→ Exercise objective
Output nothing except the lines from the one containing "Ashley Furniture Signature" through the final line of the data, both included, typed exactly, minus the pictures.

===== Exercise data

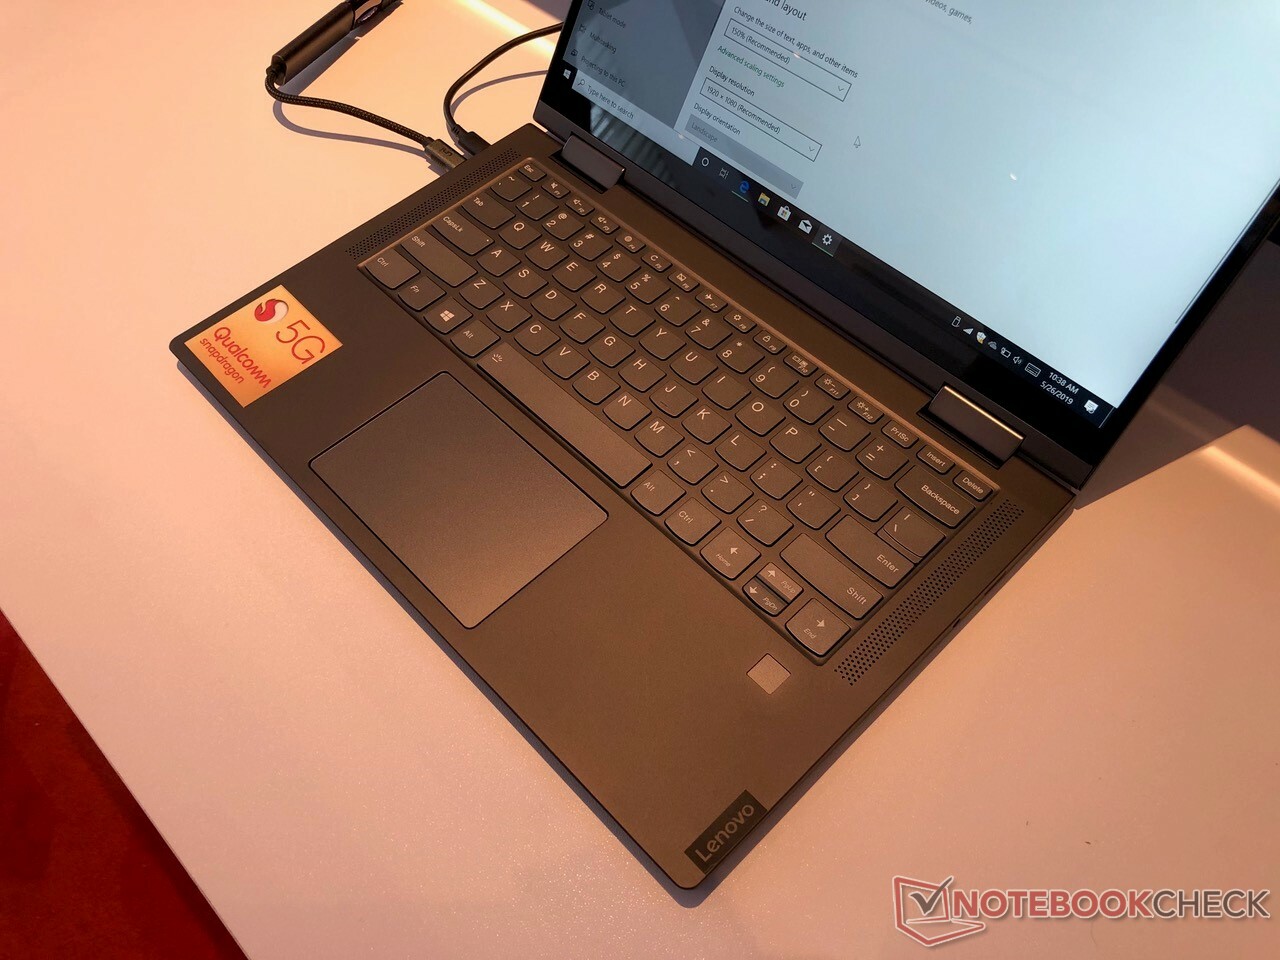 Lenovo announces ultra-portable 5G laptop powered by Snapdragon 8cx processor
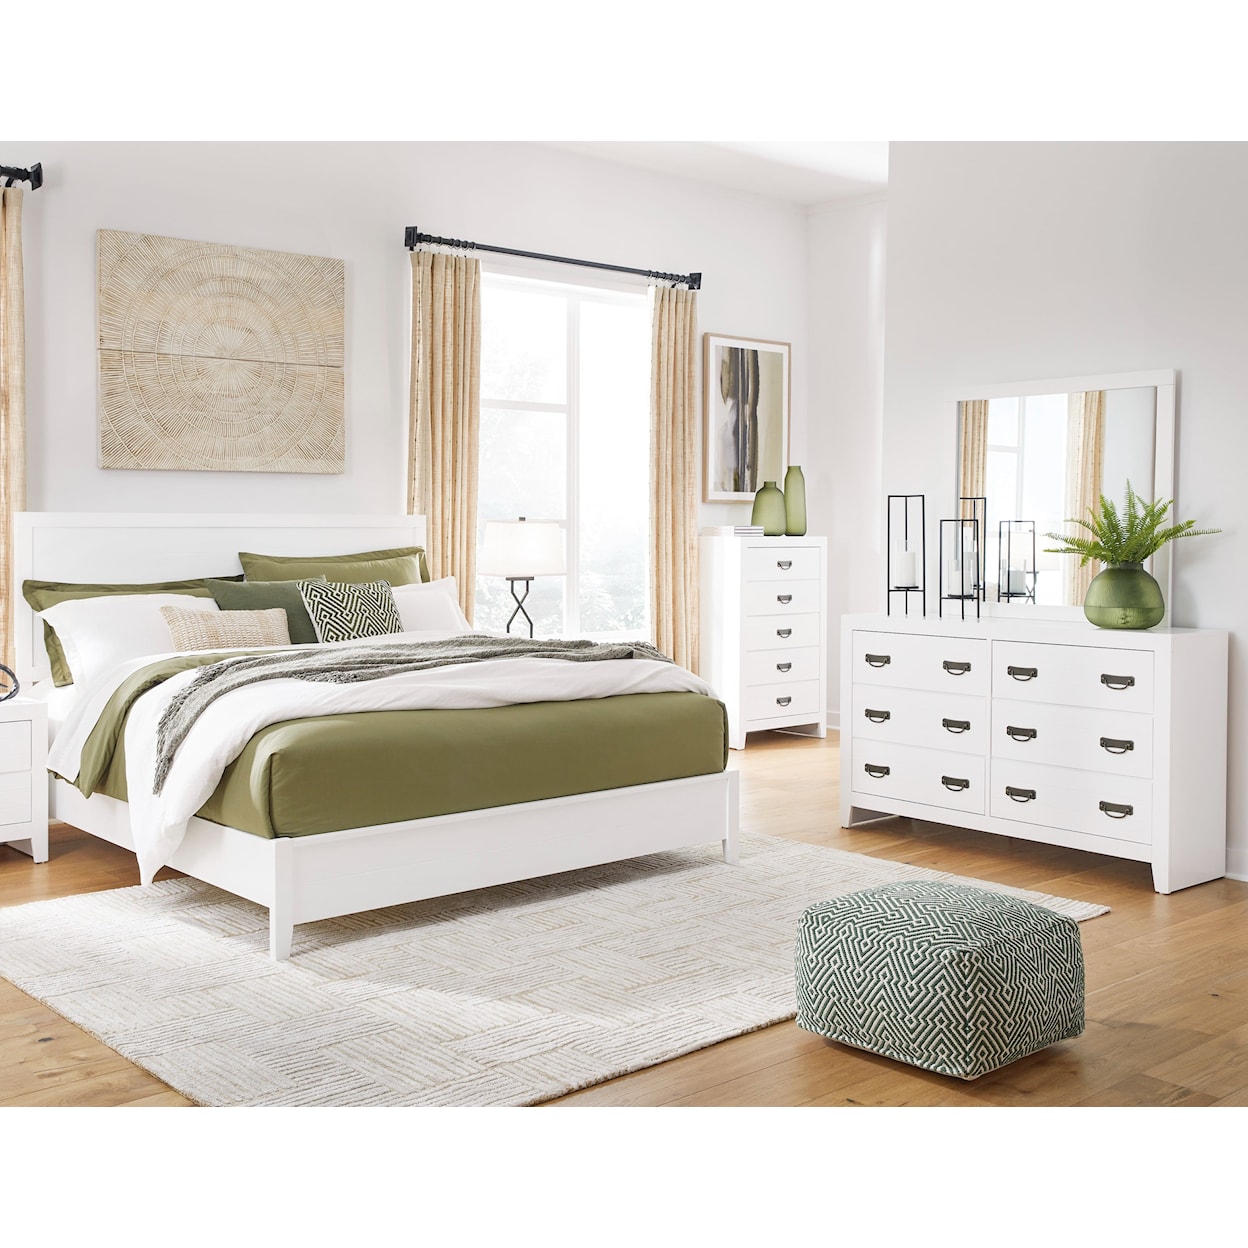 Ashley Furniture Signature Design Binterglen King Bedroom Set
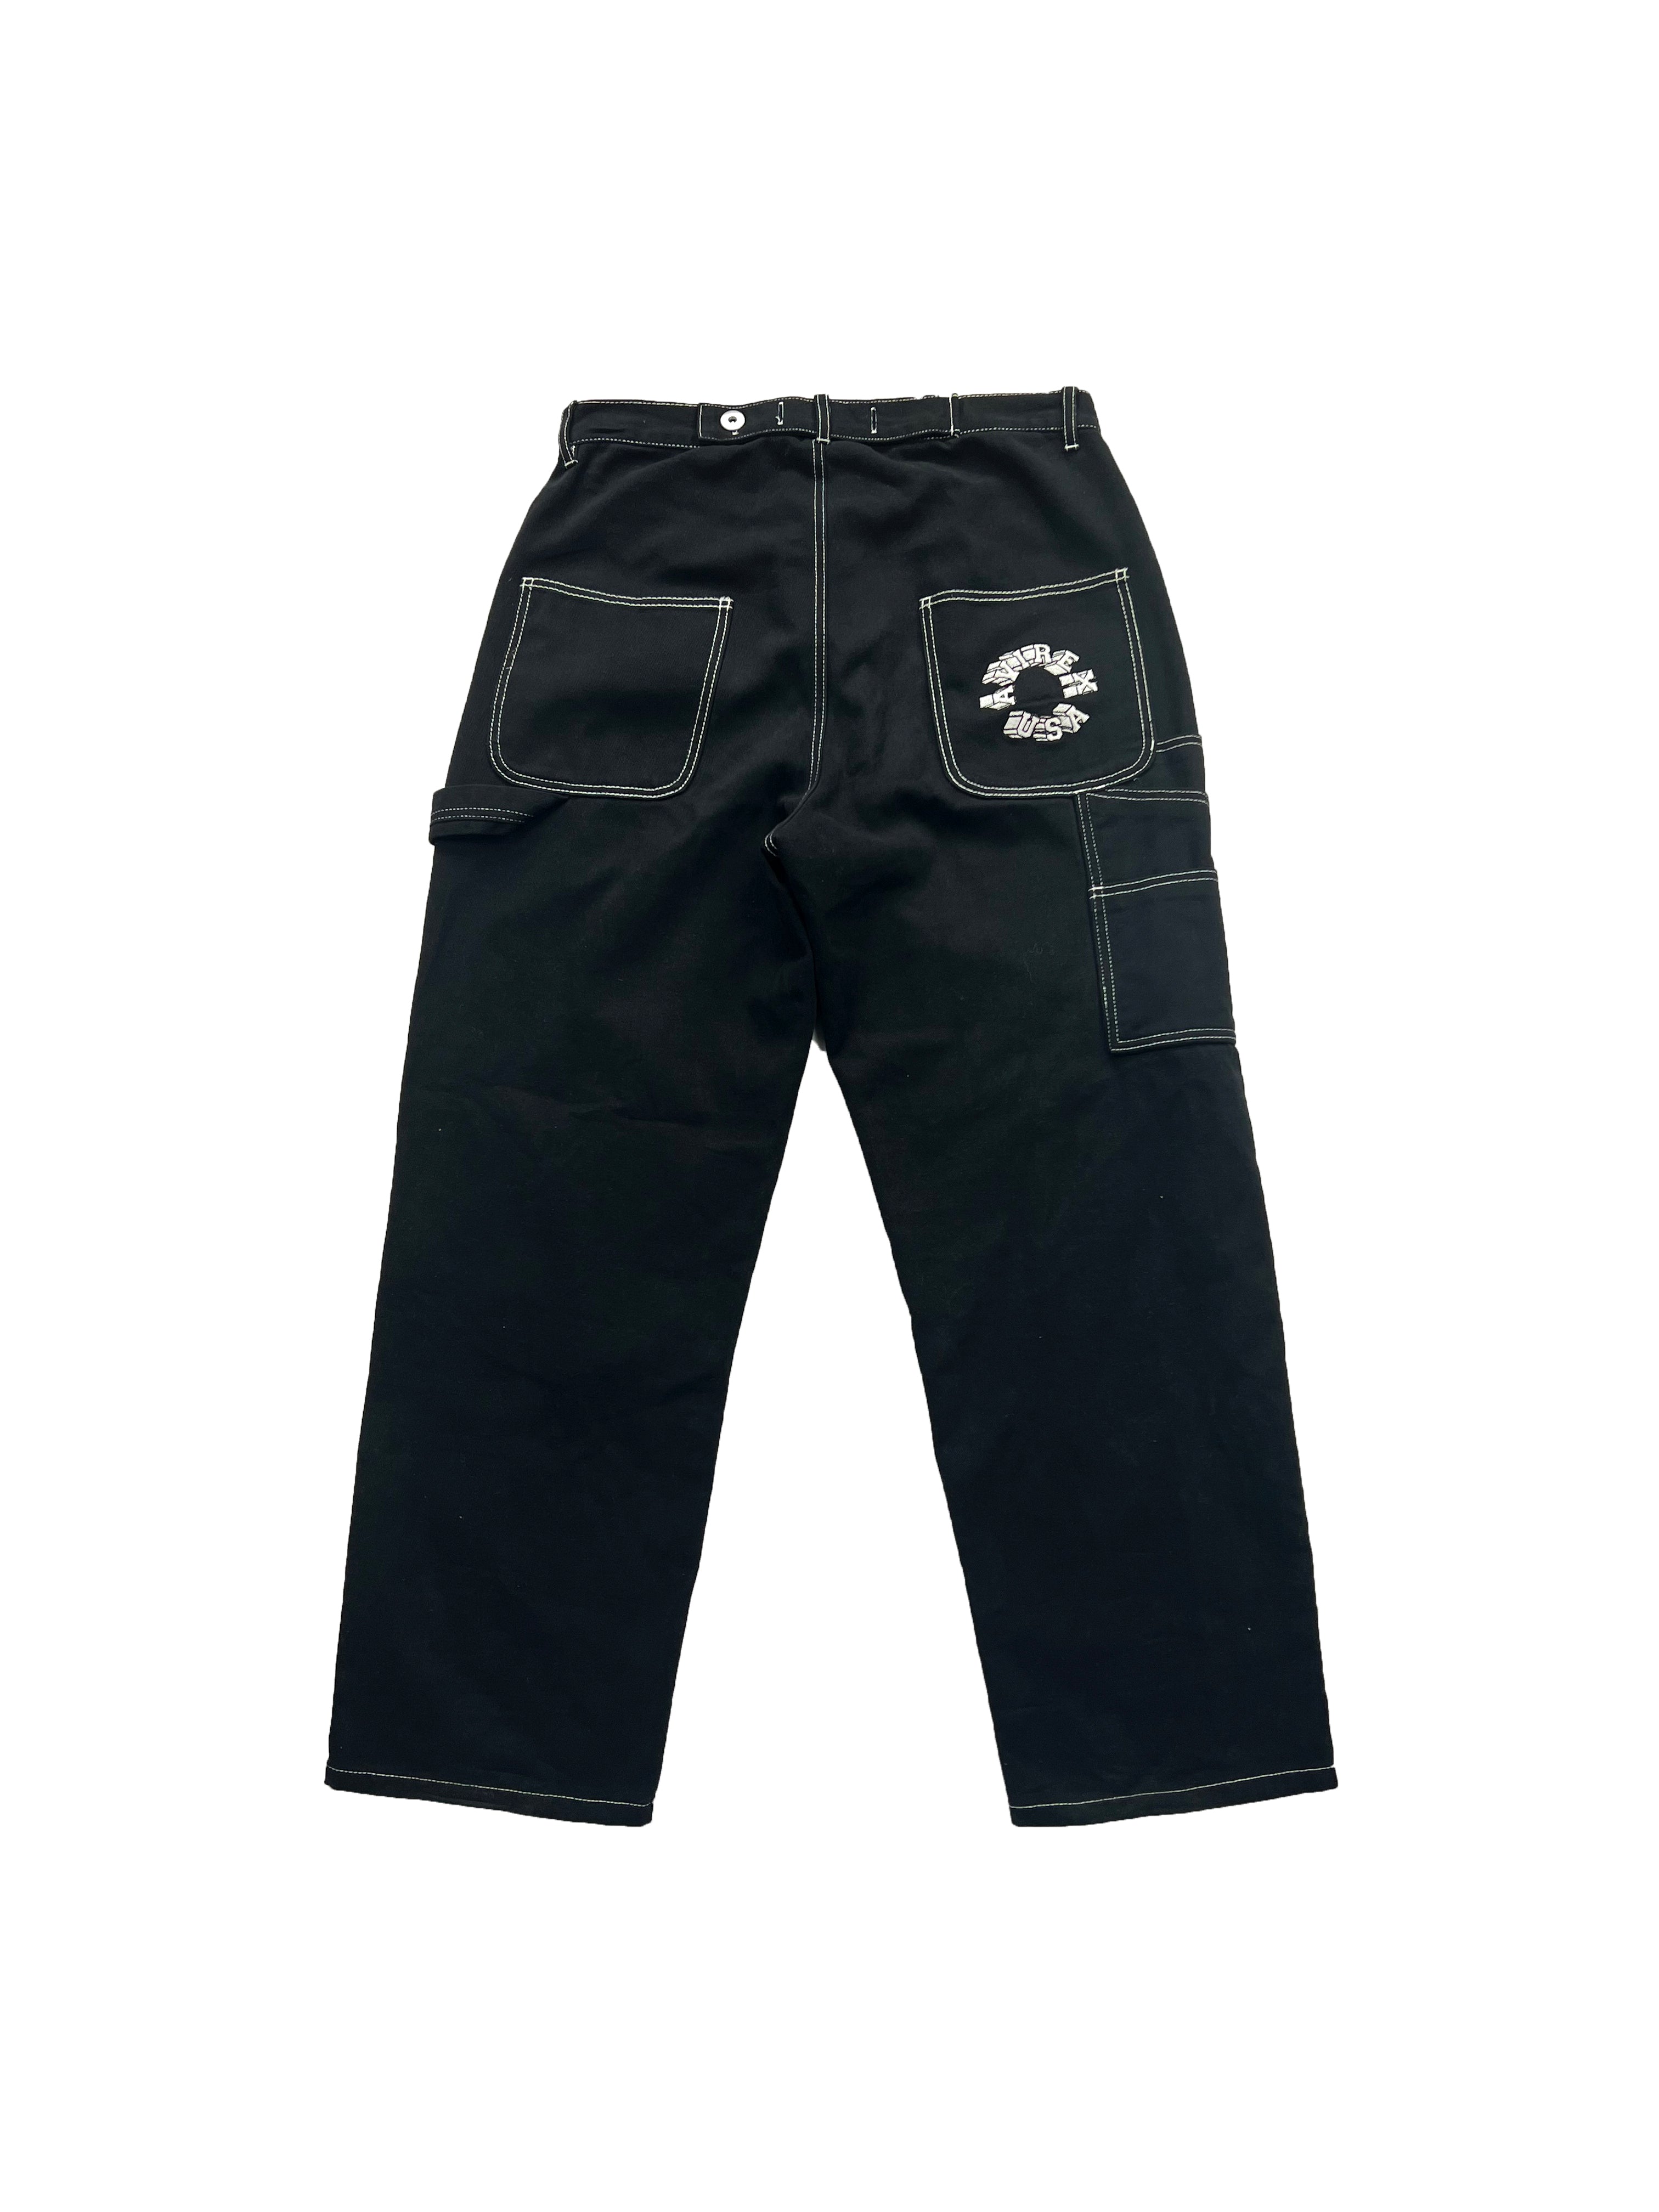 Avirex Black Mole Skin Carpenter Jeans 00's
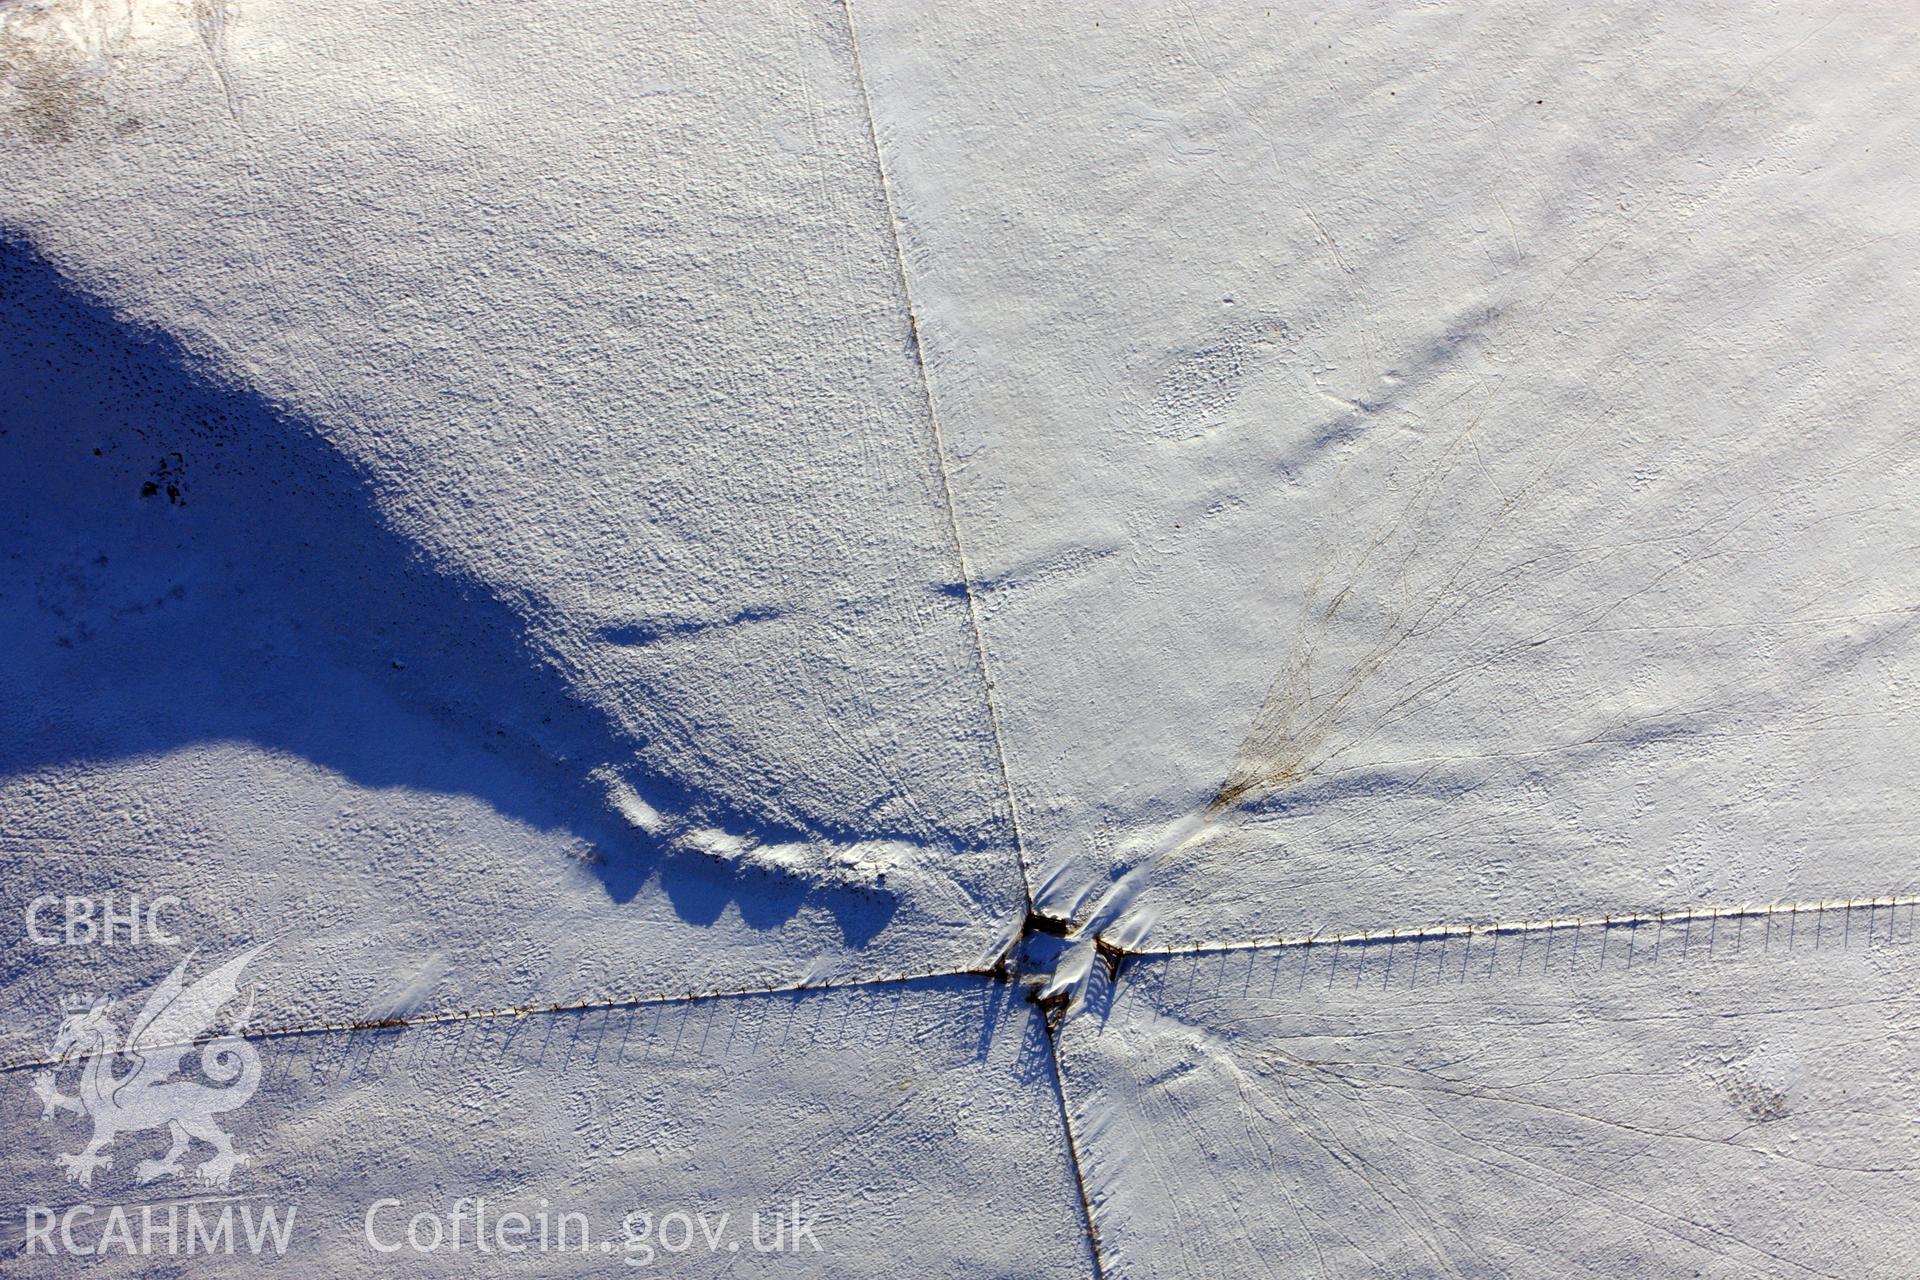 RCAHMW colour oblique aerial photograph of Banc Du Neolithic causewayed enclosure under snow, by Toby Driver, 01/12/2010.

==========

→ Answer area
 Ashley Furniture Signature Design Binterglen King Bedroom Set
 Avirex Black Mole Skin Carpenter Jeans 00's
 RCAHMW colour oblique aerial photograph of Banc Du Neolithic causewayed enclosure under snow, by Toby Driver, 01/12/2010.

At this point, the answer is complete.